(Provided material):
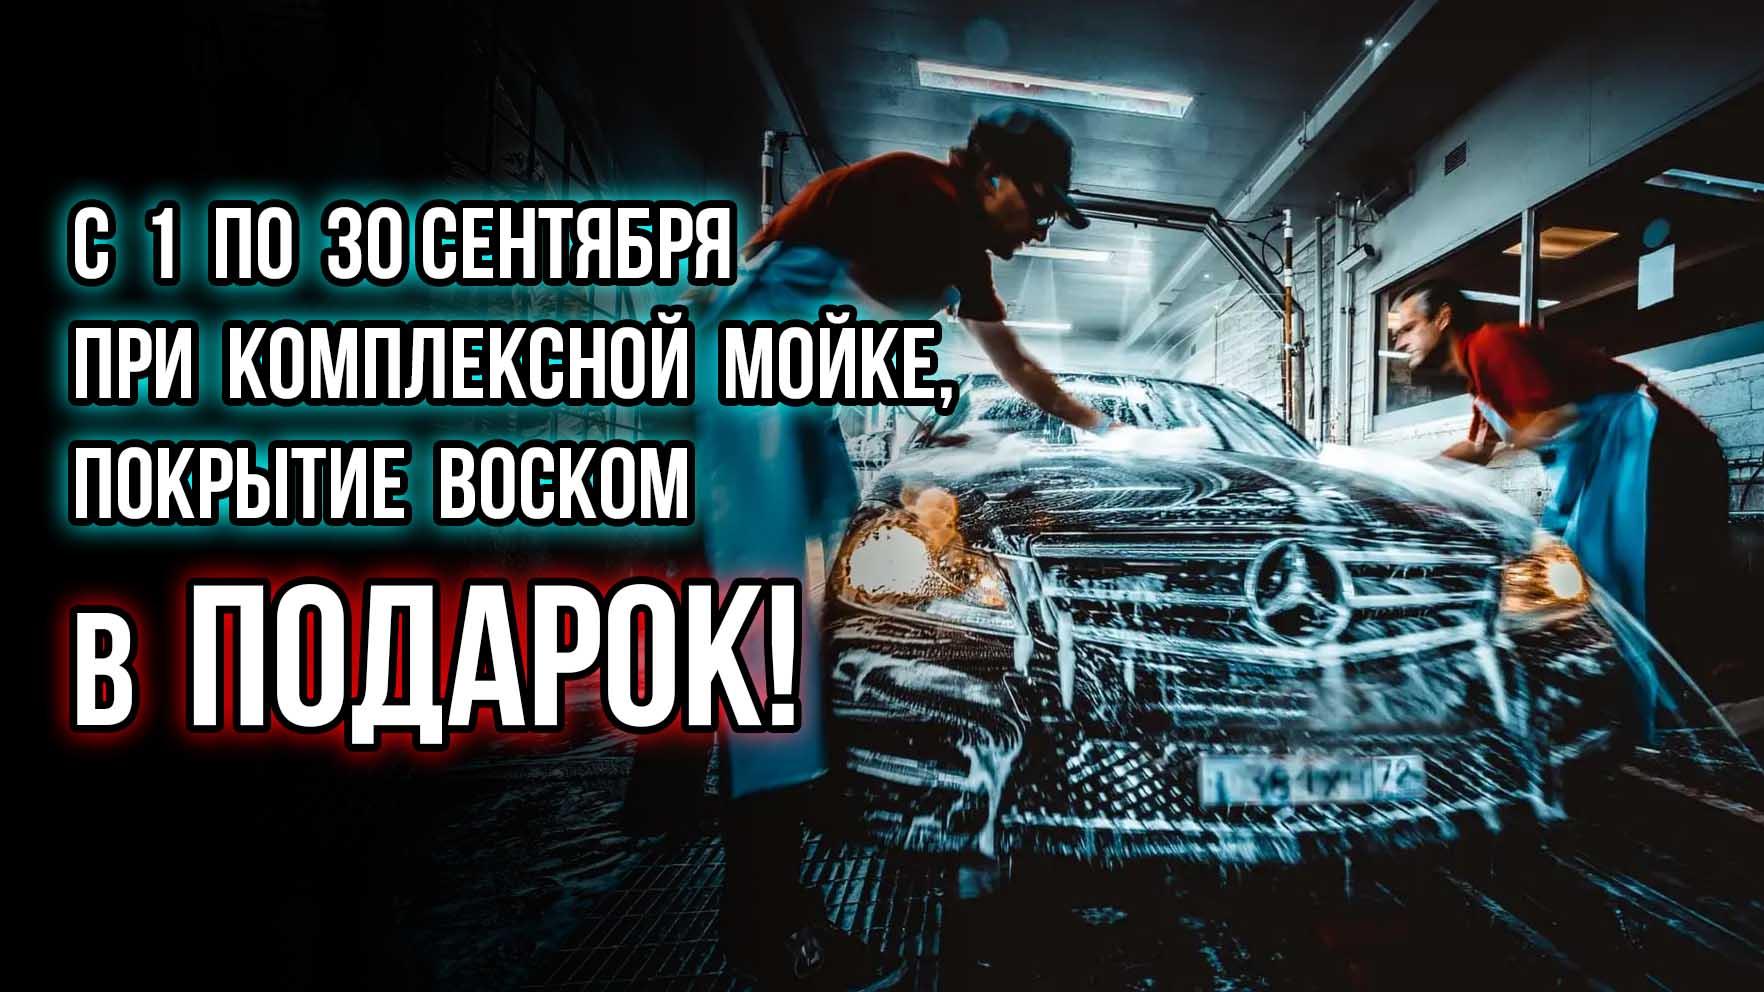 Покрытие воском В ПОДАРОК!
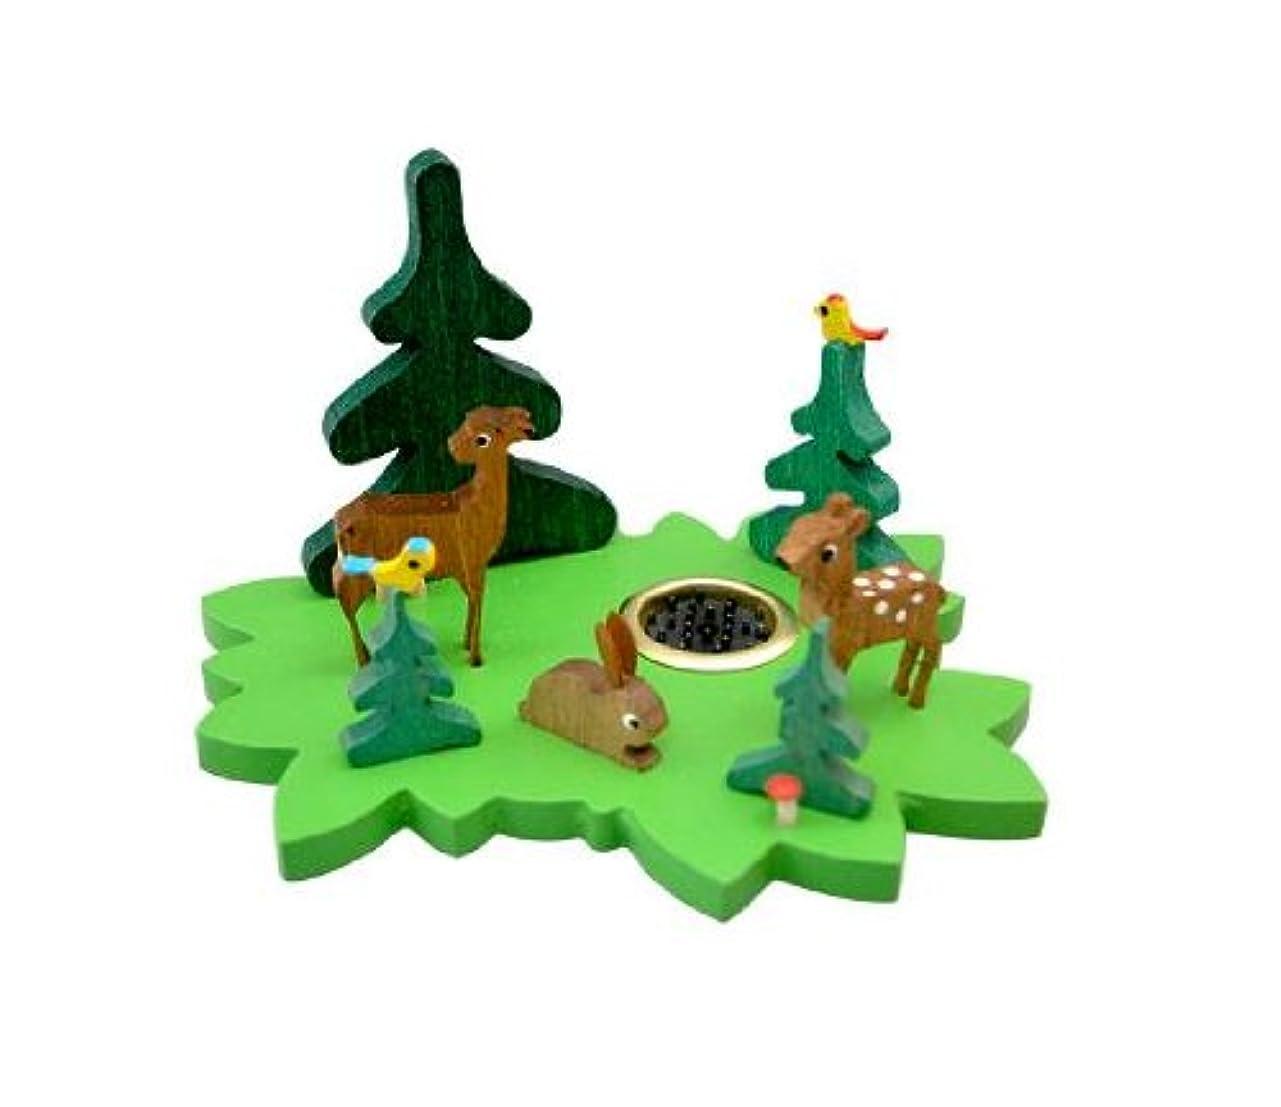 インサート神社実装するインセンススタンド 森の動物 グリーン
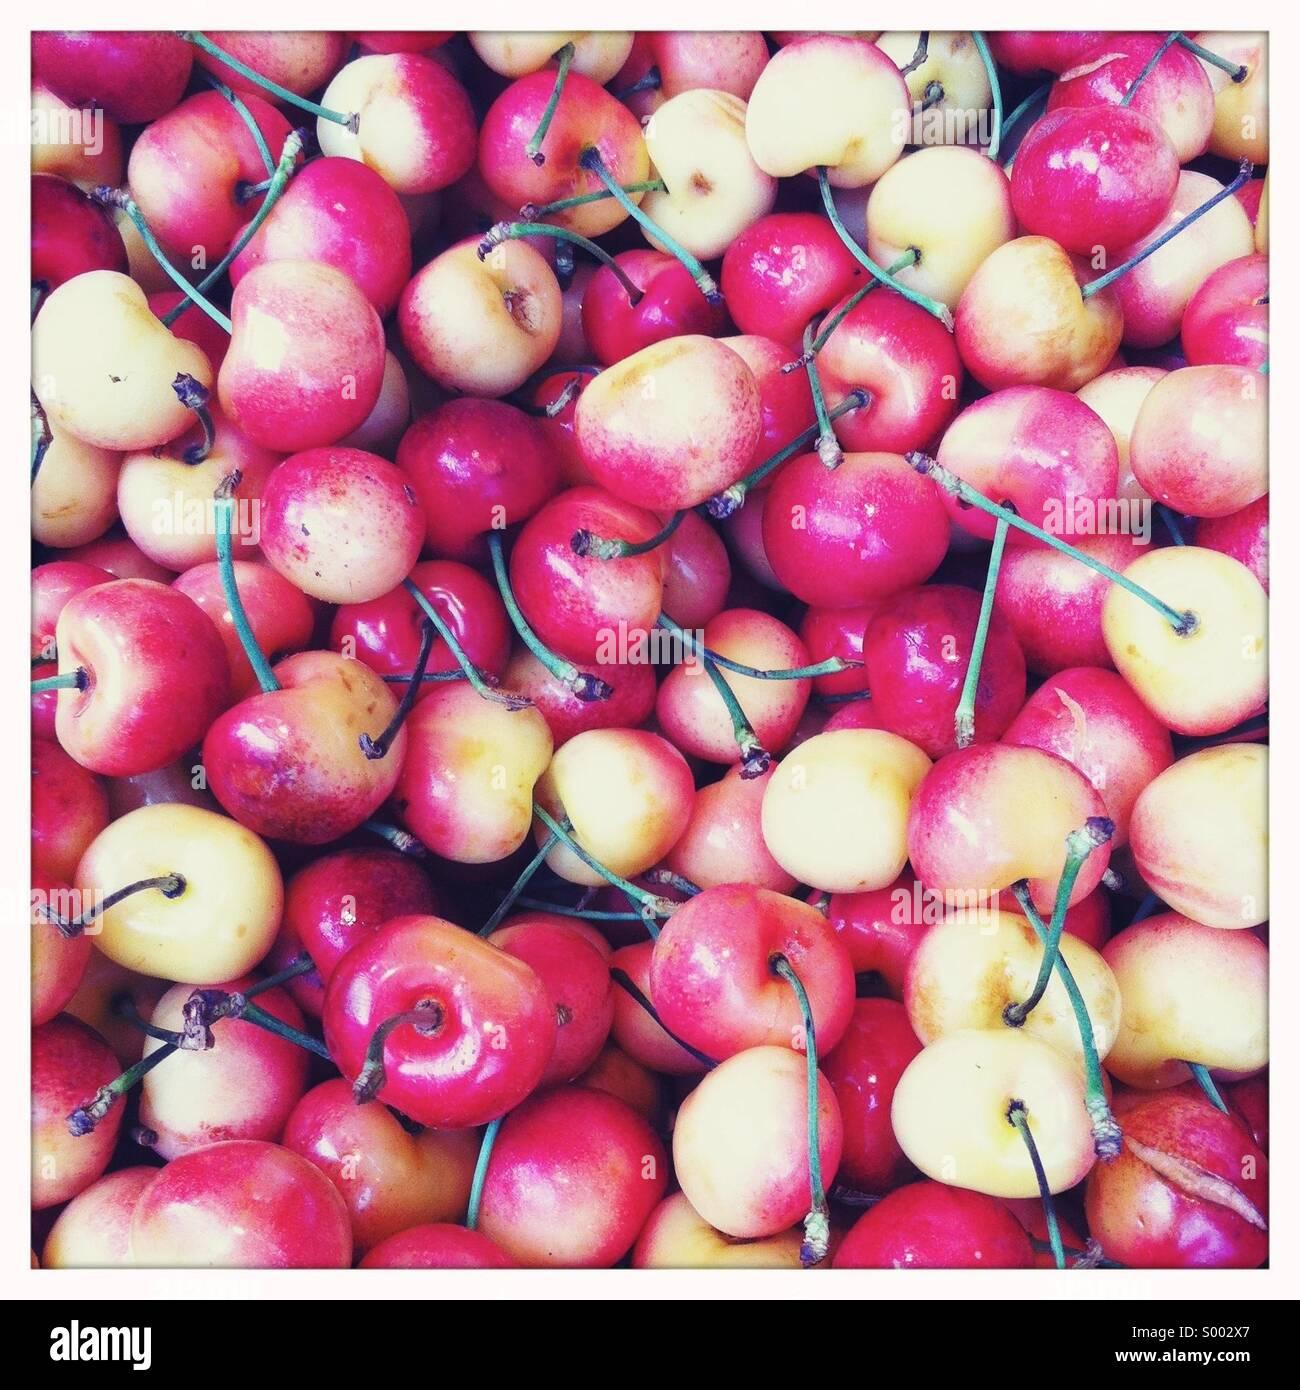 Eine Nahaufnahme von frisch gepflückten roten und weißen Kirschen mit Stielen Stockbild

(Task brief):
When you copy the data, keep every line exact and drop the pictures.

(Solution to this task):
 Покрытие воском В ПОДАРОК!
 インサート神社実装するインセンススタンド 森の動物 グリーン
 Eine Nahaufnahme von frisch gepflückten roten und weißen Kirschen mit Stielen Stockbild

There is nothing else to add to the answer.